There are countless moments that stay with me from my travels through Southeast Asia and Europe — like wandering a night market in Chiang Mai, surrounded by people speaking languages I didn't know, eating food I couldn't name, and feeling, somehow, completely at home. Or catching the eye of the woman sitting across from me on a train in Portugal. No words. No shared history. Just two humans recognizing each other across the aisle.

Those moments felt like a truth I already knew but had somehow forgotten. We are, at our core, one human family.


So how did we get so convinced otherwise?

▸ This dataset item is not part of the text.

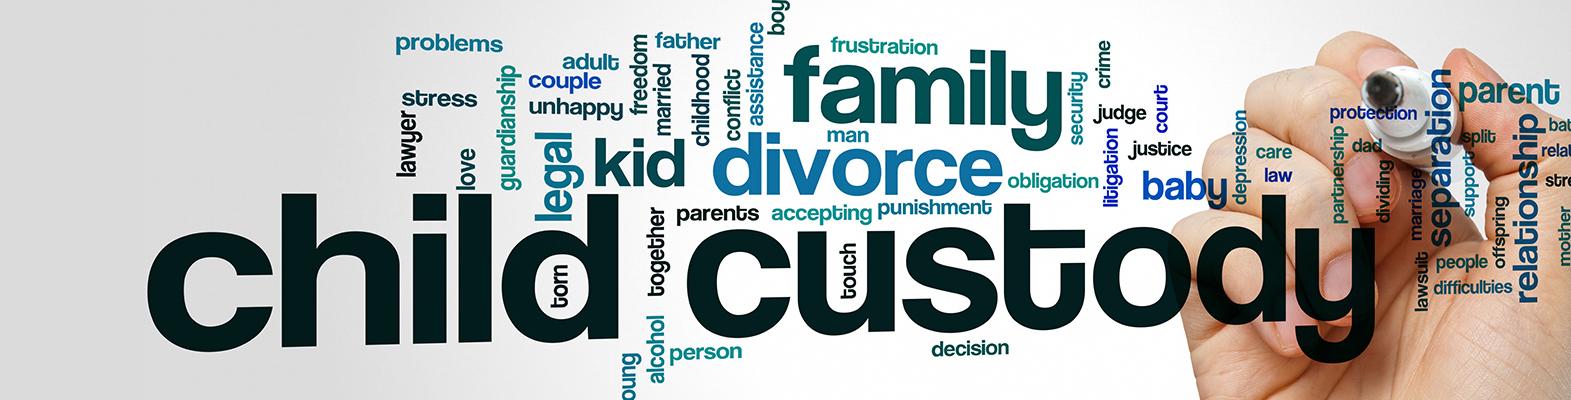 child custody concept banner
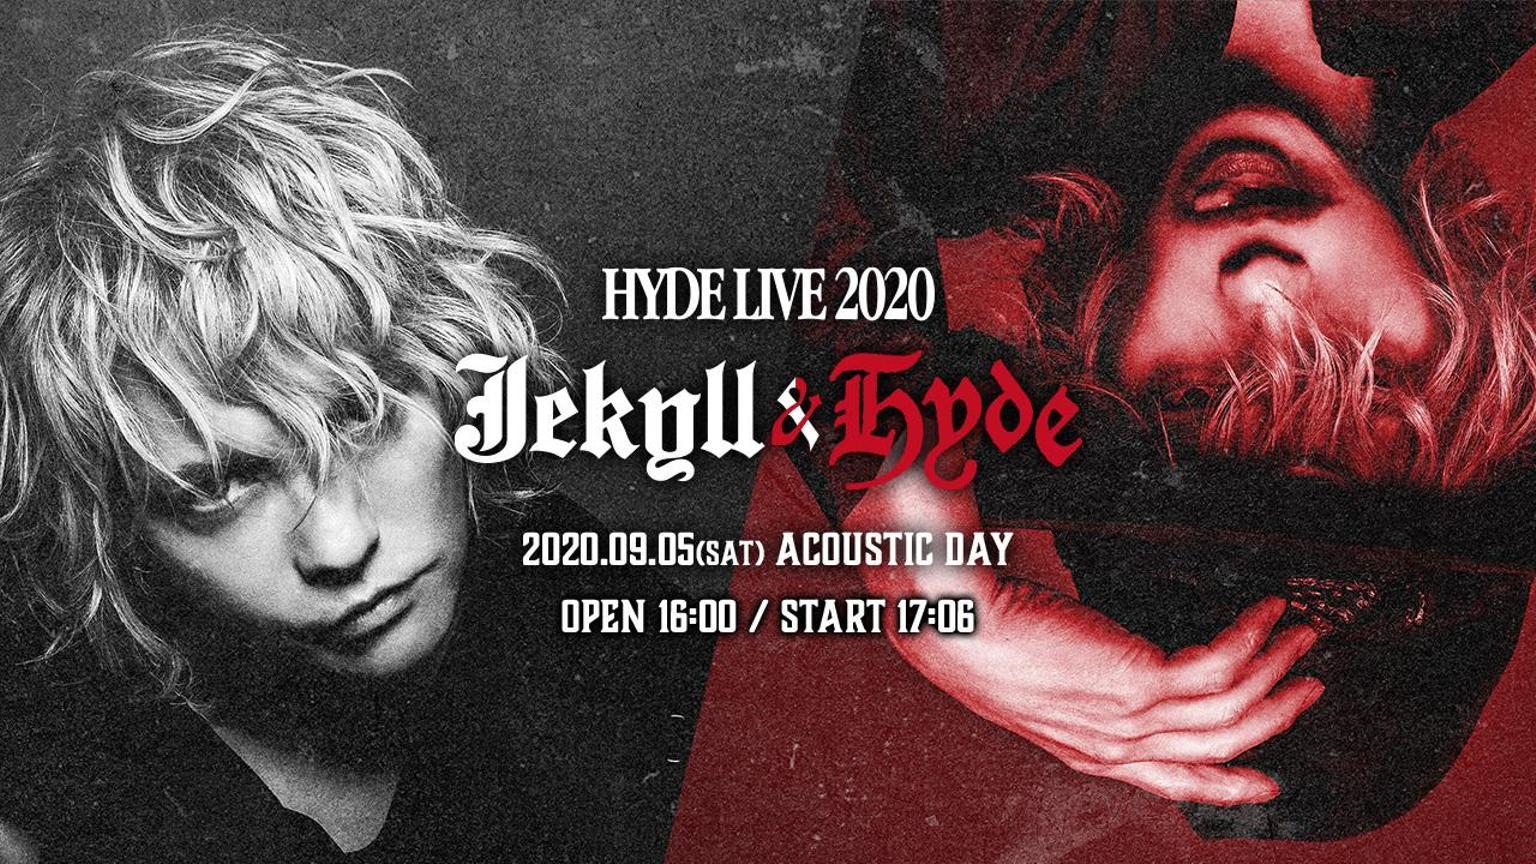 HYDE LIVE 2020 Jekyll & Hyde

The ancient Romans had a phrase for it: divide et impera. Divide and rule. The strategy is simple and devastatingly effective — if you can keep the people beneath you focused on their differences, they'll never look up long enough to notice who's holding the reins. It was Roman imperial policy. It was British colonial strategy, explicitly deployed in India and Africa to fracture existing communities along ethnic and religious lines. And it didn't stop there.

It is, in fact, an ancient playbook that keeps getting used because it keeps working.


I spent most of my life not thinking about any of this. Then, gradually, I couldn't stop. It started with paying closer attention — to history, to headlines, to the structures quietly shaping daily life — and once those patterns came into focus, they showed up everywhere. In policy. In media. In the stories we're told about who we are and what we deserve. I don't think that awareness is a bad thing, even when it's uncomfortable. If anything, I think it's exactly what's supposed to happen when we start asking honest questions.

 

And the most honest question I kept arriving at was: who benefits when we're too busy fighting each other to look up?


In America, the strategy took on a specific shape. After the Civil War, poor white farmers and poor Black farmers had enormous shared interests — land rights, fair wages, freedom from economic exploitation. For a brief window during the Populist movement of the 1880s and 90s, some of them started to act on that shared interest. It terrified the landowning class. What followed was a systematic campaign — through law, violence, and propaganda — to convince poor white Southerners that their real enemy was their Black neighbor, not the wealthy landowner extracting labor from both of them.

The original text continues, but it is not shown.